Conceptualization, H.M.W.; data curation, M.J.M.; formal analysis, M.J.M.; funding acquisition, K.A.W. and H.M.W.; investigation, M.J.M., K.A.W. and H.M.W.; methodology, M.J.M. and H.M.W.; project administration, H.M.W.; resources, K.A.W. and Heather White; supervision, K.A.W. and H.M.W.; validation, M.J.M. and H.M.W.; visualization, M.J.M.; writing—original draft, M.J.M., K.A.W. and H.M.W.; writing—review and editing, M.J.M., K.A.W. and H.M.W. All authors have read and agreed to the published version of the manuscript.

Funding

This research was supported by the Foundation for Food and Agriculture Research (grant #RC109491), the Council of Dairy Cattle Breeding, and Wisconsin Alumni Research Foundation (Madison, WI, USA).

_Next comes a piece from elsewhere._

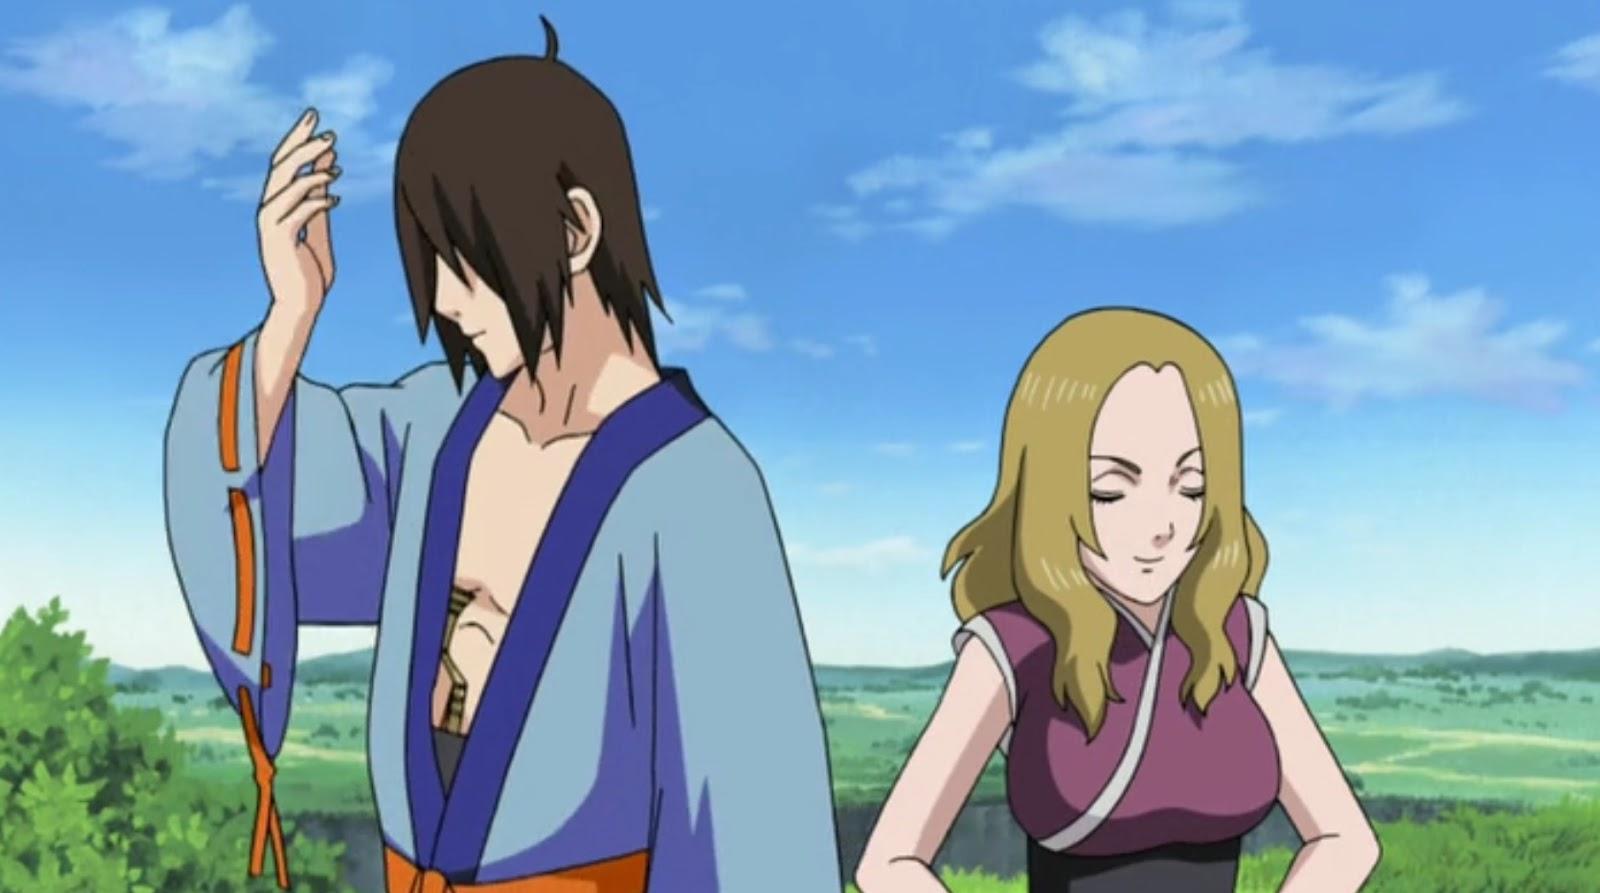 Naruto Shippuden Episódio 145, Naruto Shippuden Episódio 145, Assistir Naruto Shippuden Todos os Episódios Legendado, Naruto Shippuden episódio 145,HD

Institutional Review Board Statement

The study was conducted according to the guidelines of the University of Wisconsin-Madison College of Agricultural and Life Sciences Animal Care and Use Committee (IACUC #A005802 and #A005658).

Data Availability Statement

Feed efficiency data were collected under a specific collaborative agreement to provide data for national genetic evaluations of U.S. dairy cattle for Residual Feed Intake and Feed Saved. These data are available on request of the corresponding author and approval by the collaborators, assuming that the purpose is not to duplicate the objectives of the national collaborative project. SMARTBOW data is subject to 3rd party data restrictions. Data was obtained from Zoetis, Inc. and can be made available by the corresponding author with the permission of Zoetis, Inc.

Acknowledgments

The authors acknowledge and appreciate the support of the research staff at the University of Wisconsin-Madison Emmons Blaine Dairy Cattle Research Center (Madison, WI, USA) and the SMARTBOW team for assistance with system use and acquisition of behavioral data. The authors would also like to thank Sandy Bertics, Sophia Erb, and Eric Ronk, as well as the undergraduate students Naomi Waldon, Holly Muth, Jessica Mehre, and Michael Moede at the University of Wisconsin-Madison (Madison, WI, USA) for their assistance in data collection.

Conflicts of Interest

The authors declare no conflict of interest.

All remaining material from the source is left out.